Il respiro della Chiesa madre

Mi fece sorridere e quasi mi suscitò tenerezza sentir parlare il mio amico persino della struttura dei mattutini.

«La Chiesa, che è madre, pensa persino alla stanchezza dei sacerdoti», mi diceva sorridendo. «Per questo durante l’ottava di Pentecoste i mattutini sono più brevi: nel Breviario romano, le ottave di Pasqua e di Pentecoste hanno mattutini con un solo notturno di tre salmi e tre lezioni. Quella riduzione non è povertà, ma delicatezza: quella certa brevità non significa minore solennità. Al contrario: è una solennità così alta che sembra semplificarsi per eccesso di luce. Come se la Chiesa, abbagliata dalla Resurrezione e infiammata a Pentecoste, non volesse moltiplicare le parole, ma concentrarle. Nelle ottave maggiori —Pasqua e Pentecoste— la preghiera notturna diventa più breve esteriormente, ma più densa interiormente; meno discorsiva, ma più intensa; meno faticosa per il ministro, ma non meno carica di mistero».

Il mio amico sacerdote lo diceva come chi è abituato al munus suavissimum di pregare, per sé e per il popolo, l’opus Dei:

«È una misericordia liturgica: la Chiesa non vuole stancare il sacerdote proprio nei giorni in cui più vuole rallegrarlo. Gli toglie qualcosa in lunghezza, ma non gli lesina profondità; gli risparmia fatica, non contemplazione».

E aveva ragione. Perché, in quei giorni, l’Ufficio non perde grandezza: conserva il Te Deum, il tono festivo, il respiro solenne del mistero. Nelle ottave di Pasqua e di Pentecoste, le grandi ottave mistagogiche dell’anno cristiano, la Chiesa non cambia tema ogni giorno, ma torna, una e un’altra volta, sullo stesso abisso luminoso: Cristo risorto e lo Spirito effuso.

«È come quando ci si trova davanti a qualcosa di troppo grande», mi diceva il mio amico. «Non serve parlare molto, ma restare lì a contemplare».

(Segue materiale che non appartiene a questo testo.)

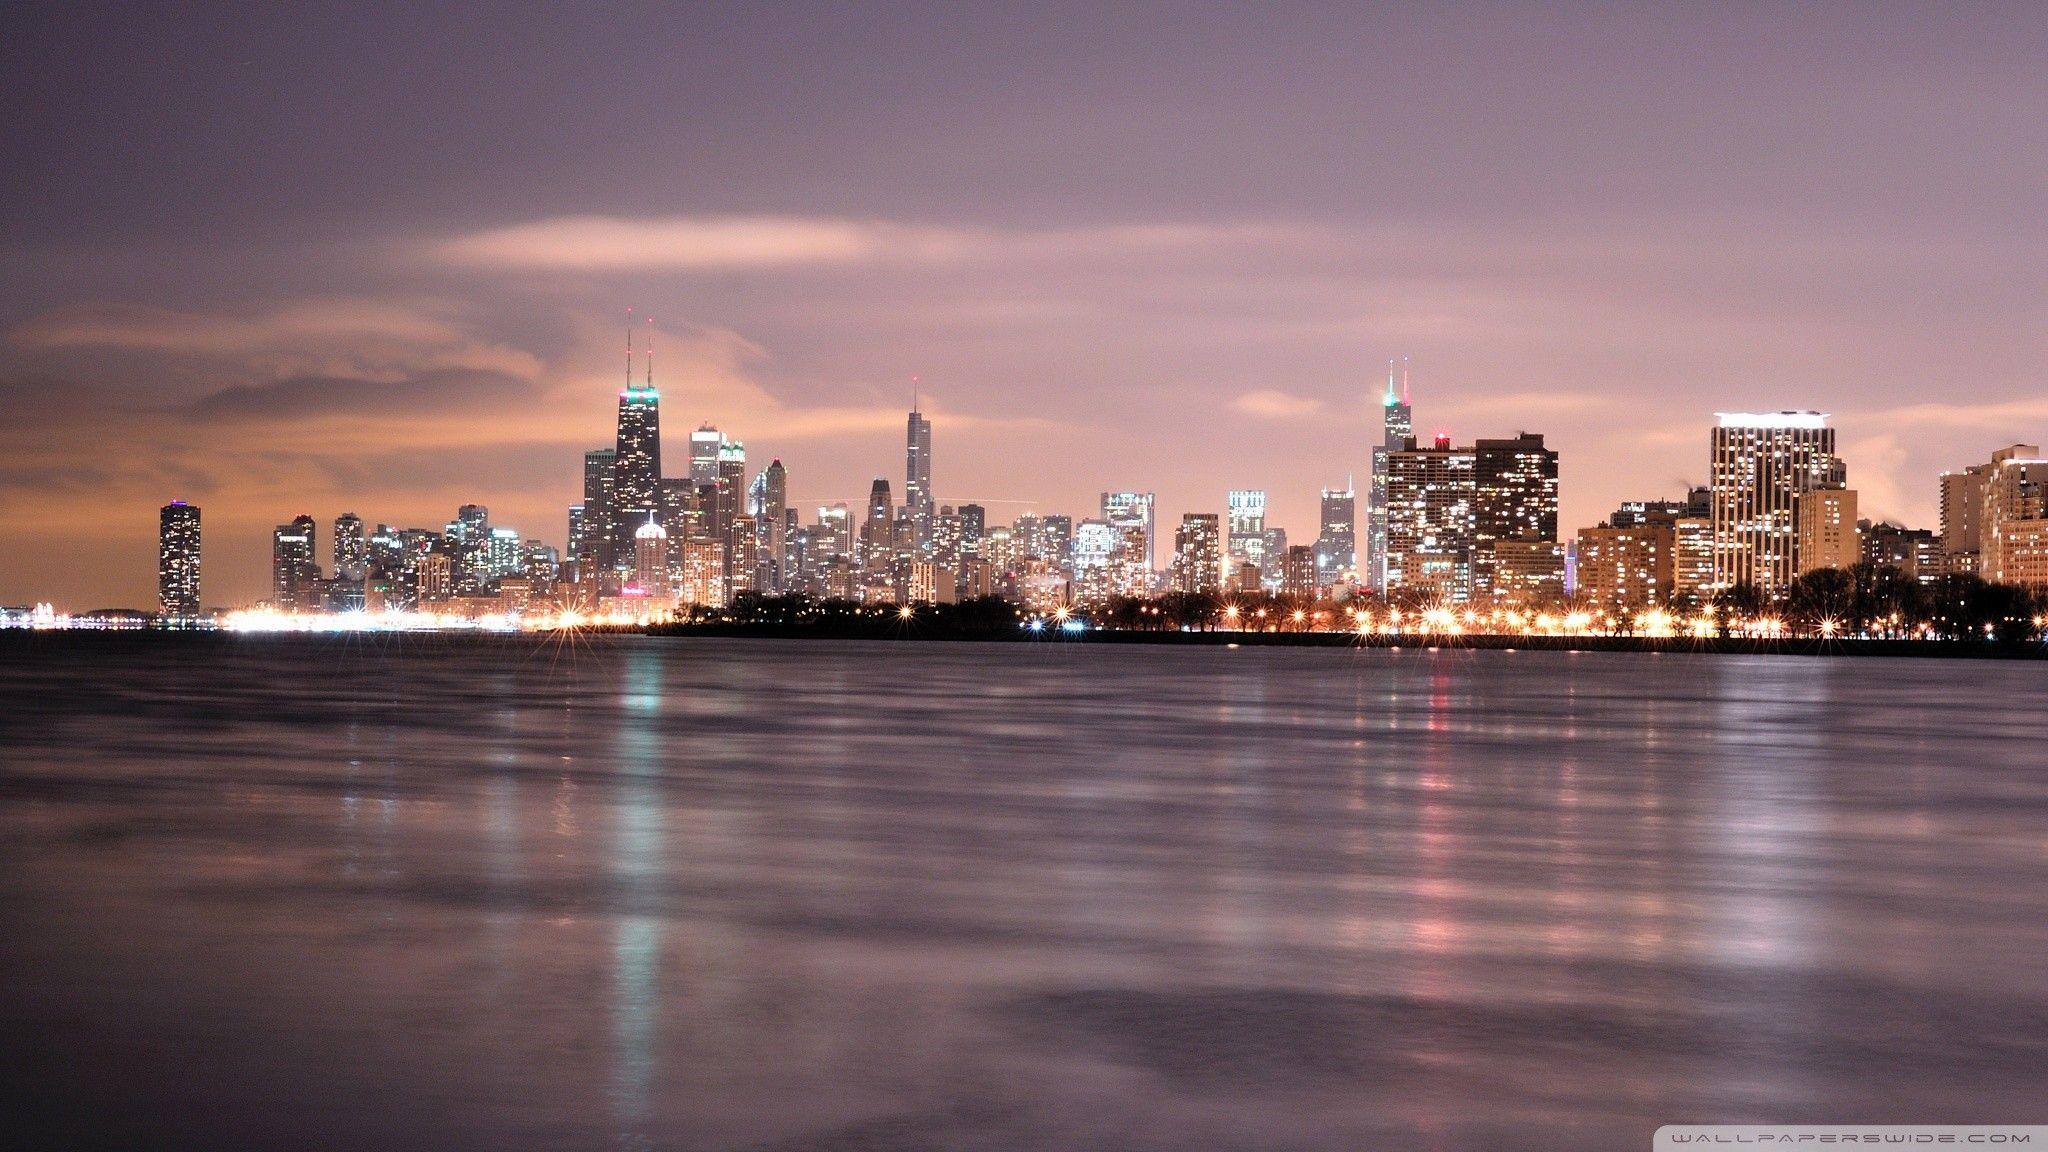 2048x1152 Hd 16 9 Chicago Skyline Skyline Night Skyline

Non parlava come un rubricista, ma come un innamorato, perché ciò che gli doleva che avessero perduto i suoi fratelli sacerdoti non erano cerimonie antiche, ma densità soprannaturale: un modo di permanere davanti al mistero, con lentezza sacra.

Perché si lamentava il mio amico sacerdote?

Compresi che se quel sacerdote parlava con tanta emozione dell’ottava di Pentecoste non era per semplice nostalgia estetica né per archeologia liturgica. Tanto meno per un rifiuto viscerale del presente. Ciò che gli doleva era un’altra cosa molto più profonda: che la Chiesa contemporanea, tanto bisognosa dello Spirito Santo, abbia eliminato una settimana in cui Essa imparava a lasciarsi bruciare da Lui.

Perché l’ottava di Pentecoste insegna che lo Spirito Santo non è un ricordo pio di venti secoli fa, ma il Fuoco permanente della Chiesa. Insegna a vivere sotto il suo soffio, a indugiare, dilettandosi in Lui, lasciandosi modellare da Lui.

Mentre mi parlava il mio amico, ricordai quelle parole antiche che per secoli hanno risuonato nella liturgia romana durante otto deliziose giornate:

«Emitte Spiritum tuum et creabuntur, et renovabis faciem terræ.» «Manda il tuo Spirito e saranno creati, e rinnoverai la faccia della terra».

Forse, in fondo, il mio amico sacerdote non si lamentava solo di un’ottava perduta; forse si doleva, soprattutto, che oggi non ci ricreiamo con il Consolatore, godendo per otto giorni interi accanto alla Fiamma d’Amore viva.